Murphy consistently led in independent surveys, most recently by 12 percentage points in a Quinnipiac University poll of 662 likely voters released Nov. 6. He was backed by public-worker unions and the heads of all 21 Democratic county committees, and by Oct. 24 had outspent Guadagno by more than 2-to-1 for the general election, and had $3.5 million cash on hand to his opponent’s $632,000.
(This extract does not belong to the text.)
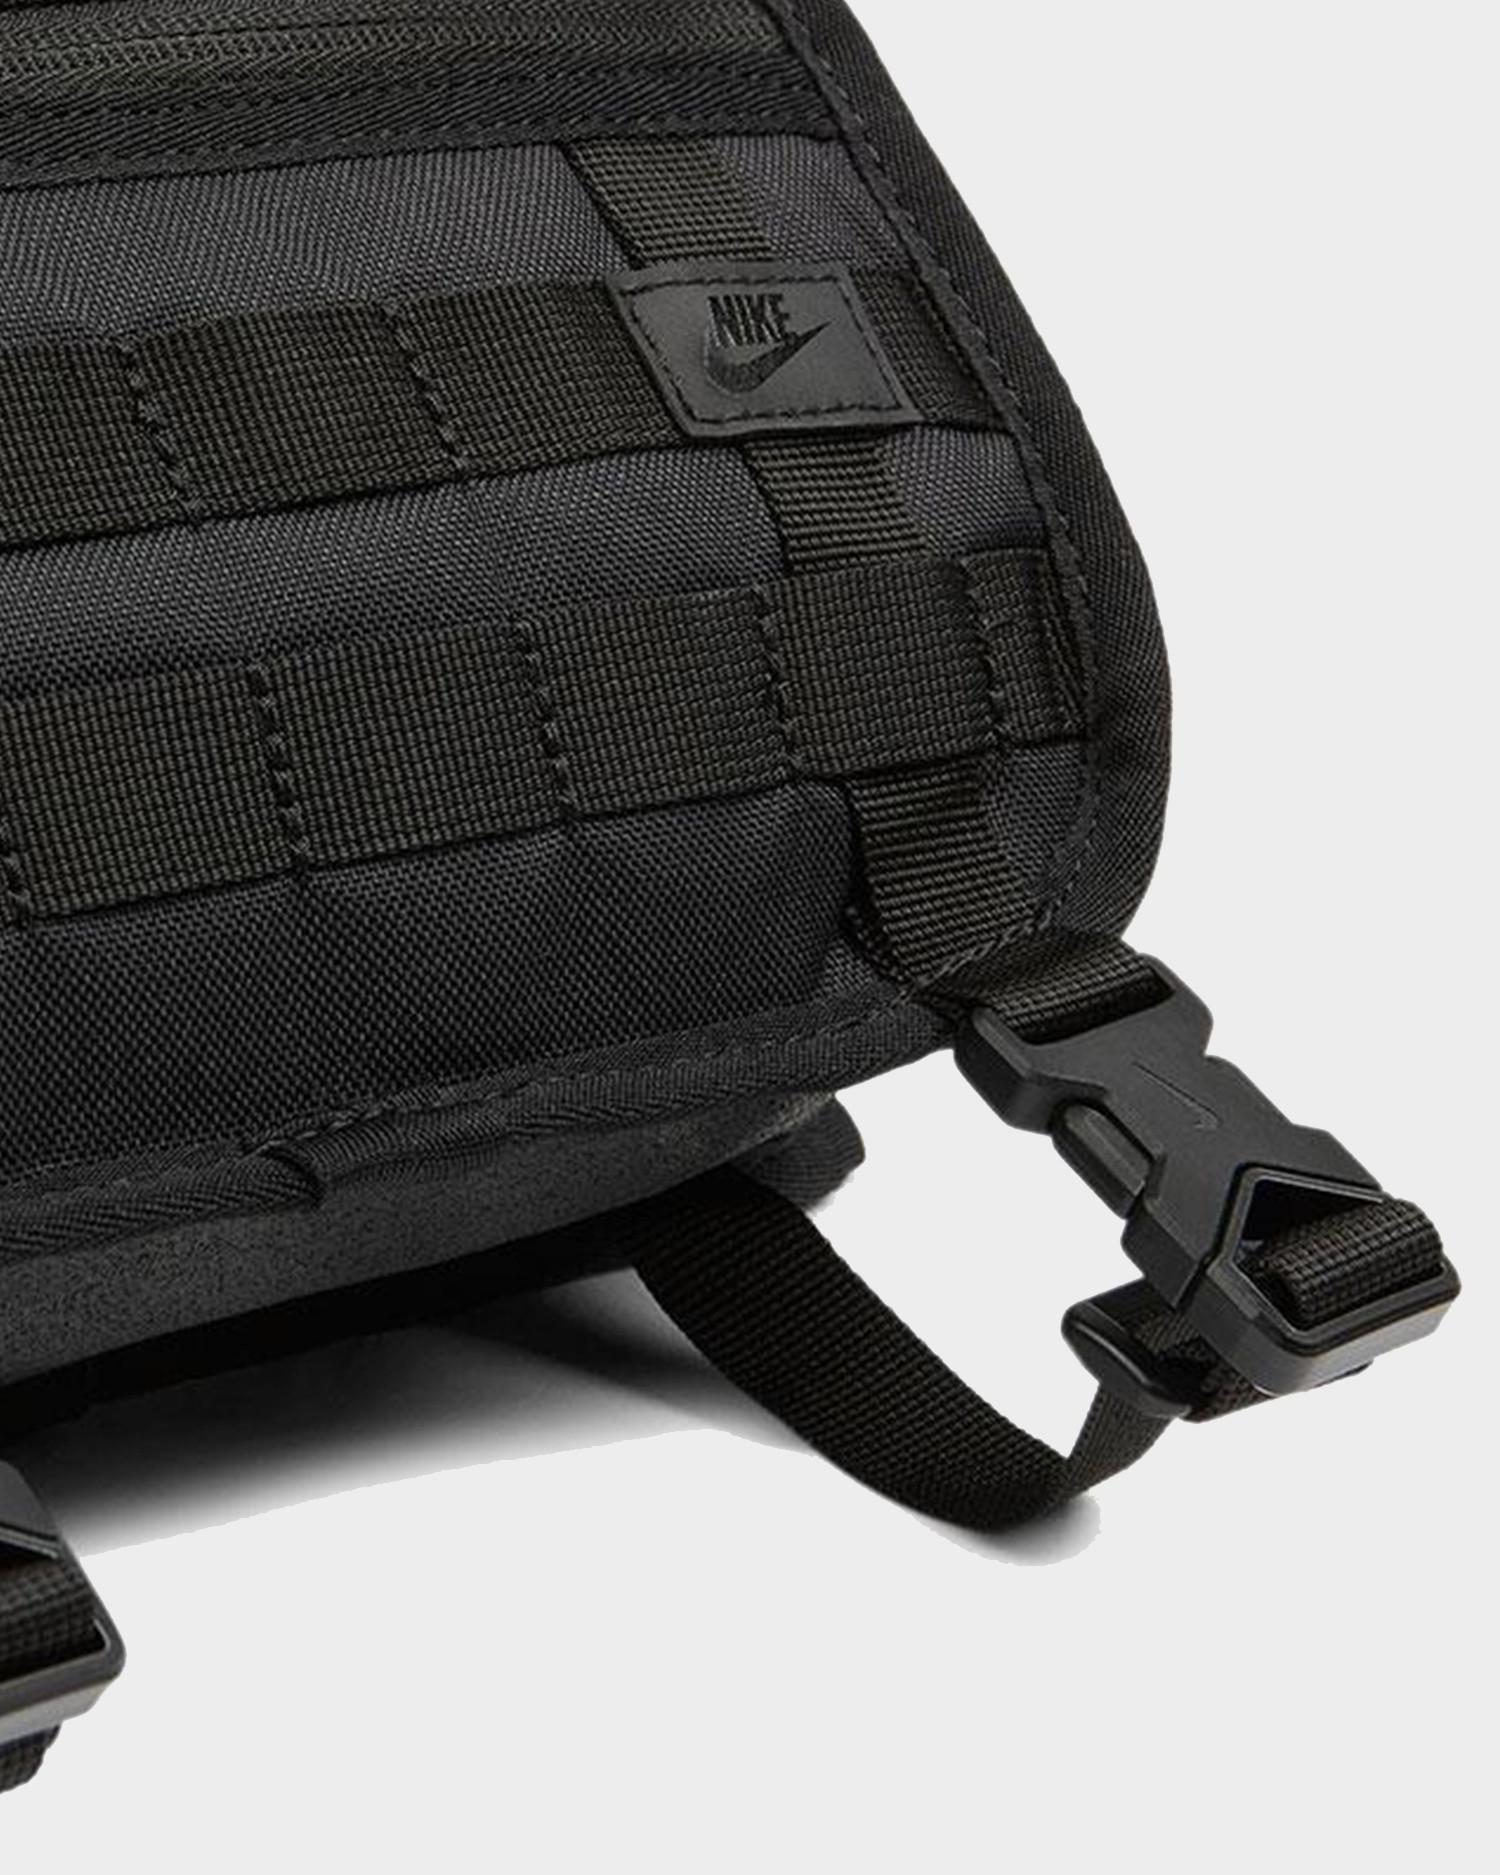 Nike Sportwear Waistpack Black/Black/Black

Critics, though, faulted his vagueness on budget remedies. Even an editorial endorsement by the Star-Ledger, the state’s largest newspaper, declared him its choice “by default,” citing “profound weaknesses.”

Murphy, a married father of four with a riverside estate in Middletown and residences in Italy and Germany, gave his campaign at least $15 million. He also had support from super political-action committees, including $6 million from the labor union-backed Committee to Build the Economy and more than $2 million from the Democratic Governors Association.

Born to a working-class Boston-area family, he was educated at Harvard University and the University of Pennsylvania’s Wharton School of Business. At Goldman he headed the firm’s Frankfurt office and later, its Asia operations. A onetime finance chairman of the Democratic National Committee, he was appointed by then-President Barack Obama as U.S. ambassador to Germany from 2009-2013.